How to control module dependencies, effectively postponing the build of a specific module?


(Jesper Thuun-Petersen) #1

I have a module building a distribution build when all other modules have been build.

I’ve tried to control the order in which modules are build by programmatically letting it depend on all other modules:

// from the build.gradle in the distribution module
afterEvaluate {
 def children = rootProject.allprojects.collect {if (it.name != 'distribution') it}
 children.each { dep ->
  if (dep != null)
   project.dependencies.add("compile",dep)
 }
}

Unfortunately this does not seem to work. The distribution module is still build somewhere in the middle…

What it the best way to handle this?

Regards /Jesper Thuun-Petersen


(Luke Daley) #2

In a nutshell, you’re doing it wrong :slight_smile:

Take a look at: http://www.gradle.org/docs/current/userguide/multi_project_builds.html#sec:project_jar_dependencies

There’s a specific mechanism for this.


(Jesper Thuun-Petersen) #3

@Luke, you’re right, I’m obviously doing it the wrong way, but I’m afraid you’re reference didn’t help me, as it doesn’t seem to address the issue of programmatically adding dependencies to a module.

Let me try to elaborate on my problem:

I have a multi-module build with ~150 modules, all with different module-dependencies.

One of the modules is a non-java module, but responsible for putting together a large distribution zip file for installation on a server. This module, called ‘distribution’, must be build as the very last module, as it depends on artifacts produced by all the other modules. I do not want to explicitly set these dependencies, as that would have me manually add any new module I introduce. Hence the logic sketched above. Essentially, I want to add all the modules in the settings.gradle, except for the distribution itself.

Could you advice me how I do this in a smart way that actually works?

Regards /Jesper


(Luke Daley) #4

The understanding you are missing is the understanding of project dependencies. They are how you consume the output of another project in a project.

Something like…

afterEvaluate {

rootProject.subprojects { Project subproject ->

if (subproject.name == “distribution”) {

return

}

rootProject.dependencies {

compile project(subproject.path)

}

}

}


(Jesper Thuun-Petersen) #5

Thanks luke, but the problem actually seems to lie somewhere else.

Here’s the resulting list of tasks gradle must execute (after I applied your suggested code):

https://gist.github.com/anonymous/5440962

It does actually make sure that all modules has been compiled.

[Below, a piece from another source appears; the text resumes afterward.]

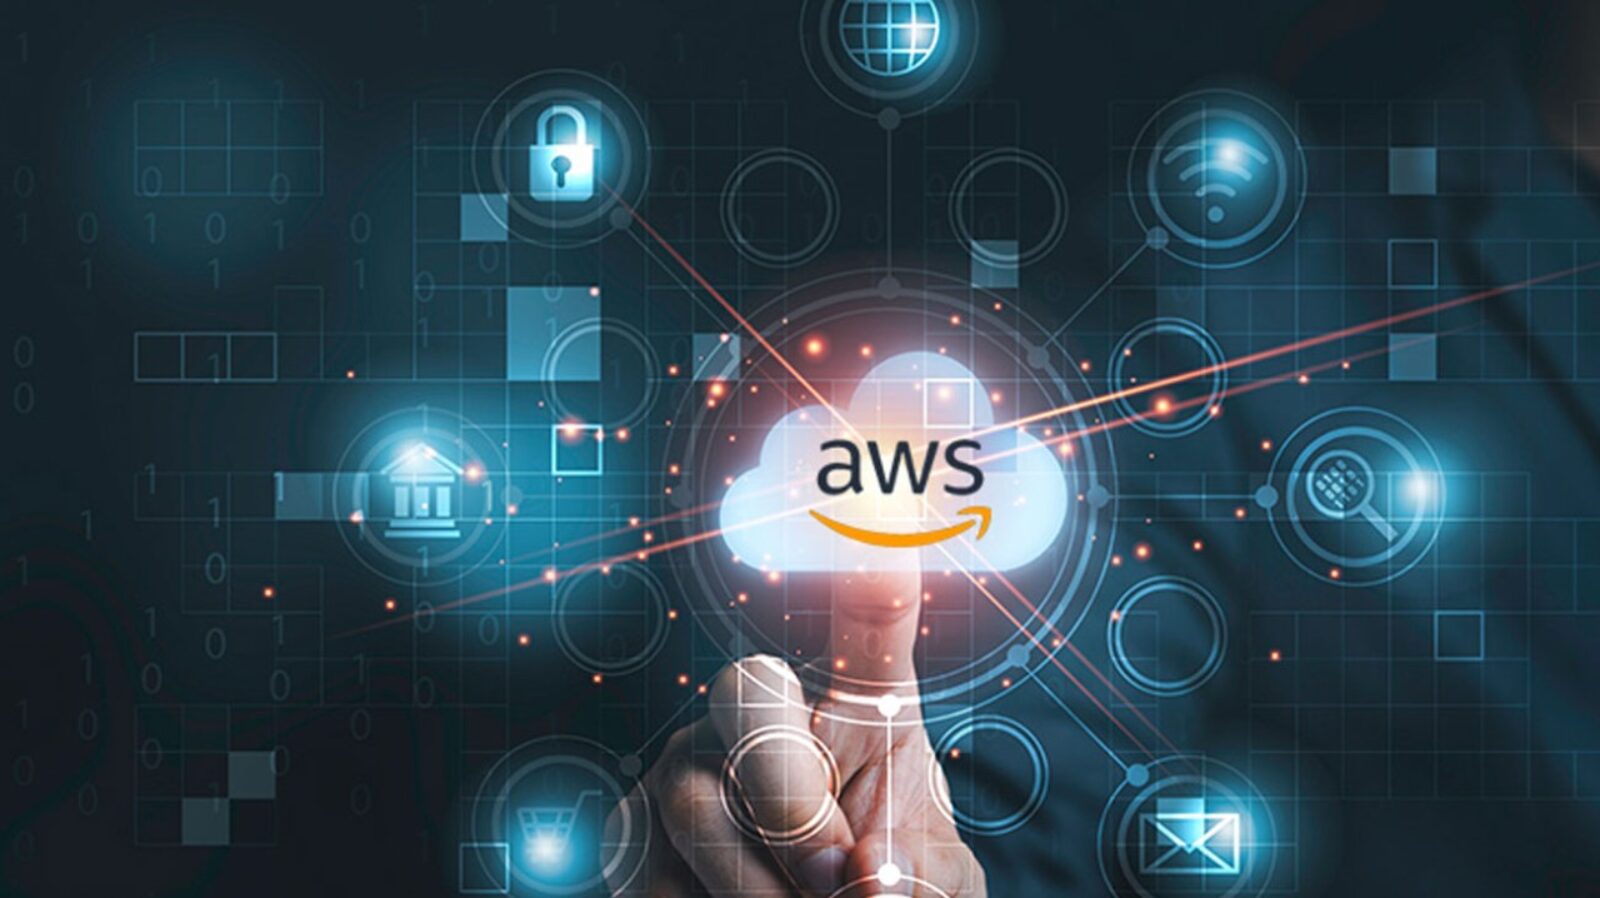 There are a number of companies that find AWS Cloud Hosting to be a compelling option

What I actually need, is for all modules to have been assembled, as the distribution module needs the ‘bndtask’ to have been run on all modules. This is not the case now, as the task list shows (search for distribution).

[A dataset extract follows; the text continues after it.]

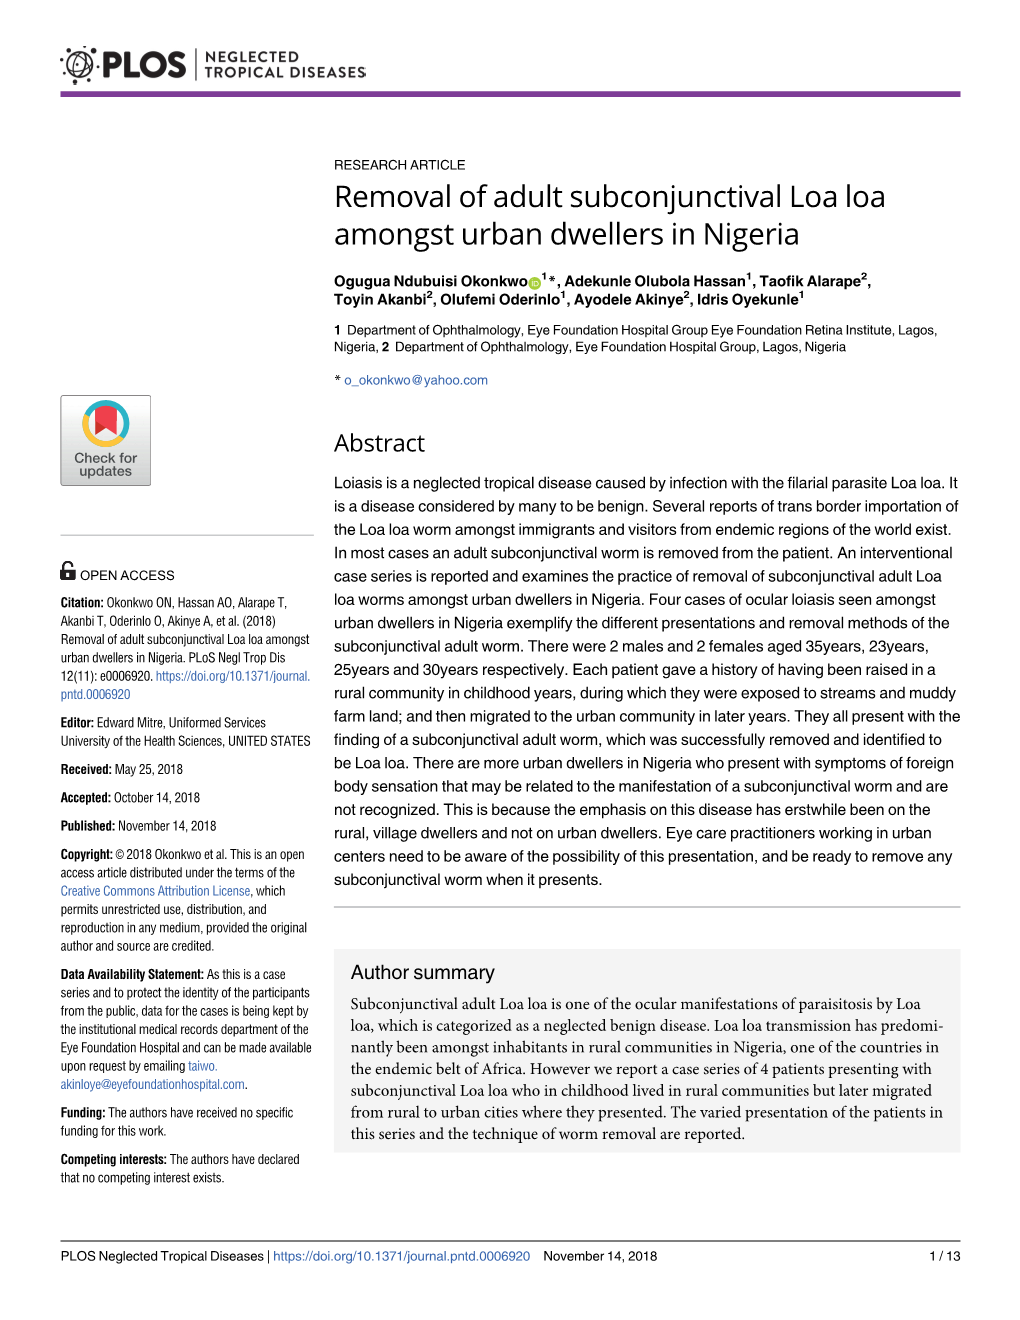 Removal of Adult Subconjunctival Loa Loa Amongst Urban Dwellers in Nigeria

I’m not sure if this is actually possible to control in Gradle?


(Luke Daley) #6

Do you need the outputs of the subprojects (i.e. to do something with them) or are you just trying to build them all with one command?


(Jesper Thuun-Petersen) #7

The process looks something like this - each module is compiled and jarred like a normal project - the output of each module is OSGi-bundled using the bnd library - the bundle is put in a special output directory - when all bundles has been build, the distribution module assembles the bundles with some other stuff

Right now, the distribution assembly is linked to the classes task of that module. Perhaps this is wrong?

classes << { …call legacy ant target to build distribution }

When this target is called, none of the bundling has been performed, as you can see from the list of targets in the link above.

we have a bnd-task for the bundling, depending on the jar-task. The assemble-task has been redirected to depend on the bnd-task. Right now, I’m experimenting with the distribution module, letting it’s zip task depend on all other modules’ bnd-tasks.